# Dumbbell Bit and Diameter



## MaddieMagoo (Aug 14, 2007)

Hi Everyone!

Just wanted to know how you measure for the dumbbell. Maddie's is TOO BIG right now, and I need to order a new one. Anyone know how to do this? On the side of her J and J dumbbell, it says 12x12, I think I should get the 12x10? I hope you all can help me!

Thanks!


----------



## FlyingQuizini (Oct 24, 2006)

DUMBBELL SIZING INSTRUCTIONS

Items needed: 
1) a long round object (a pencil, pen or thin wooden dowel) (LRO) 
2 ) a ruler 
3) the dog 
Our philosophy is that the dumbbell should fit snugly in the dog’s mouth just behind the canine teeth, meaning that the dog’s lips should rest comfortably where the taper of the dumbbell meets the bar of the dumbbell. We do not like to see any of the bar showing on either side of the dog’s mouth, but we don’t want the dumbbell to be to tight either. If the dumbbell fits snugly in the mouth, it will discourage any shifting of the dumbbell which may cause the “mouthing” that could occur with an improperly fit dumbbell. 
Have the dog sit calmly in front of you and place the LRO is his/her mouth as if it were the bar of the dumbbell.

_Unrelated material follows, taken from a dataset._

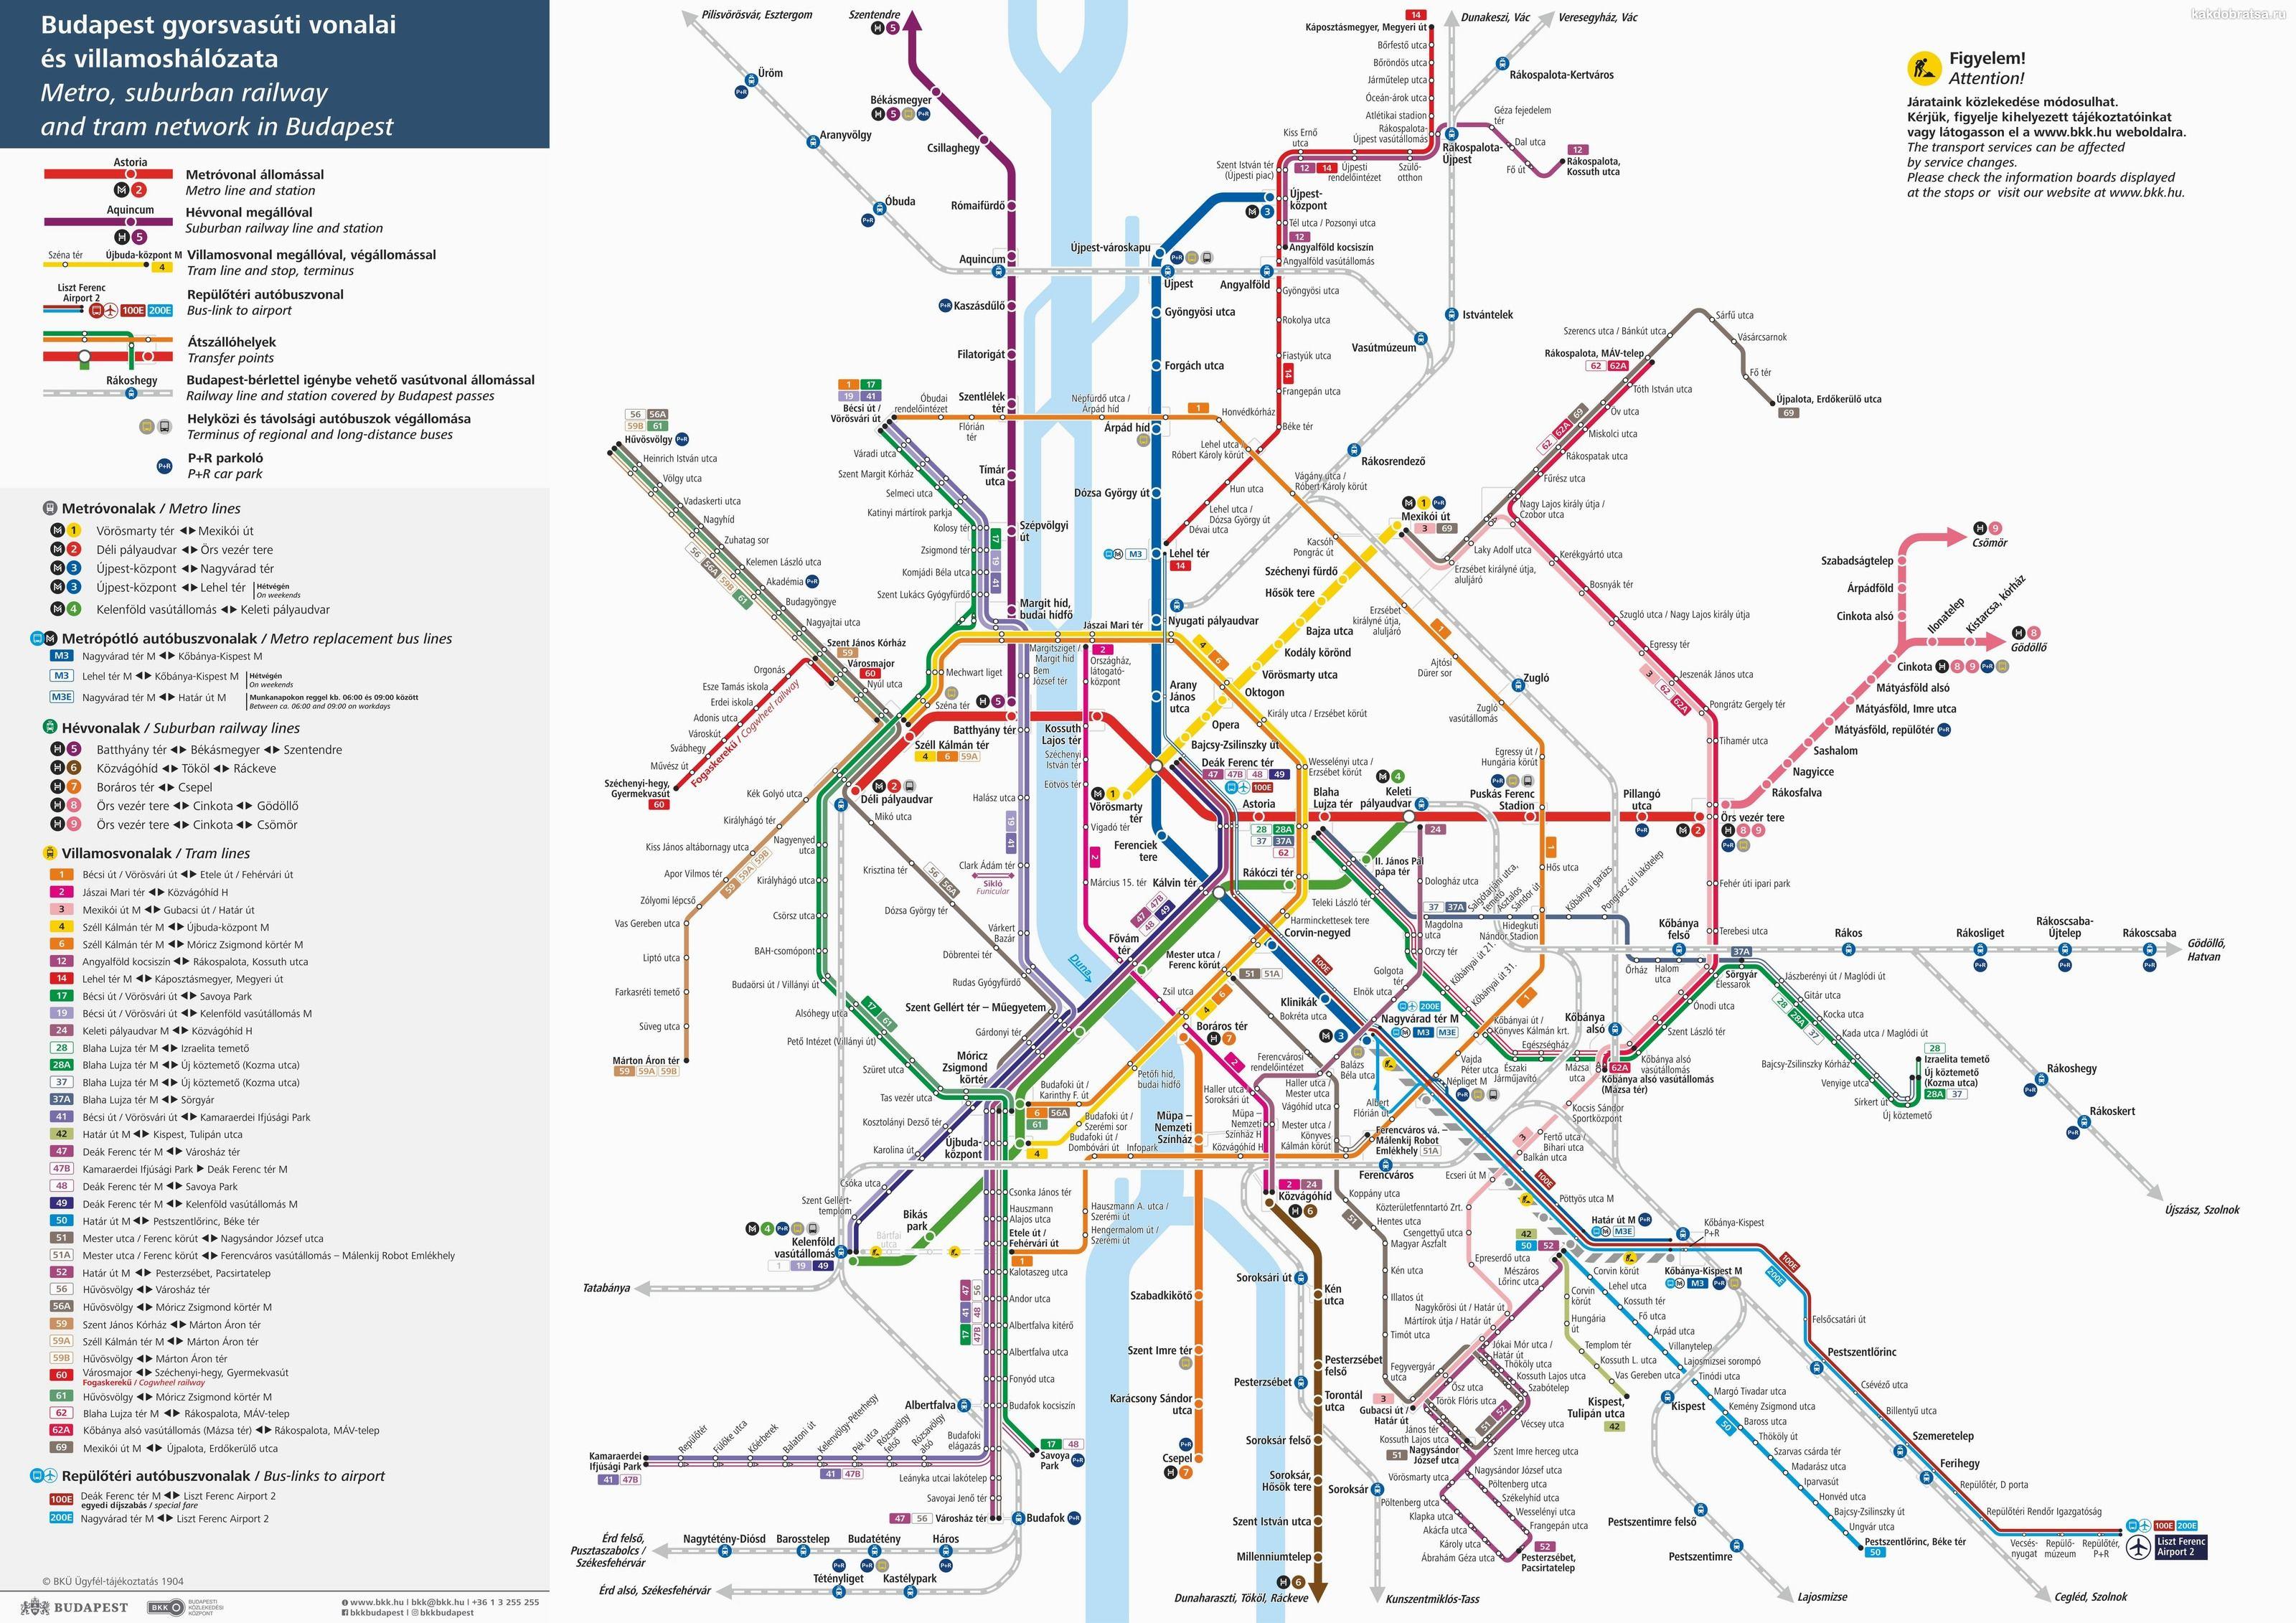 Карта метро, трамваев и электричек Будапешта

Bring the LRO towards the front of the mouth so that is rests snugly behind the canine teeth (those are the fang like teeth in the front of the mouth). Close the dog’s mouth and grab the LRO with your fingers where it comes out on each side of the mouth. Make sure that the dog’s mouth is closed because you want to include the lips in the measurement. 
Lay the LRO against the ruler and measure the distance between your fingers. 
Repeat this process to make sure you have the measurement correct then call (800) 446-2920 or e-mail us ([email protected]) with the following information: 
Dog’s breed, sex and approx. weight and then the mouth measurement. 
From this information and our experience, we will be able to determine the correct dumbbell for your dog. 
Good luck and thank you for choosing a Max 200 dumbbell. 
Sept. 01, 2003


----------



## Goldendogx2 (Sep 2, 2007)

I have a few J&J dumbbells - Invincabell that is a size 4. This was for my smaller 50 lb golden.


----------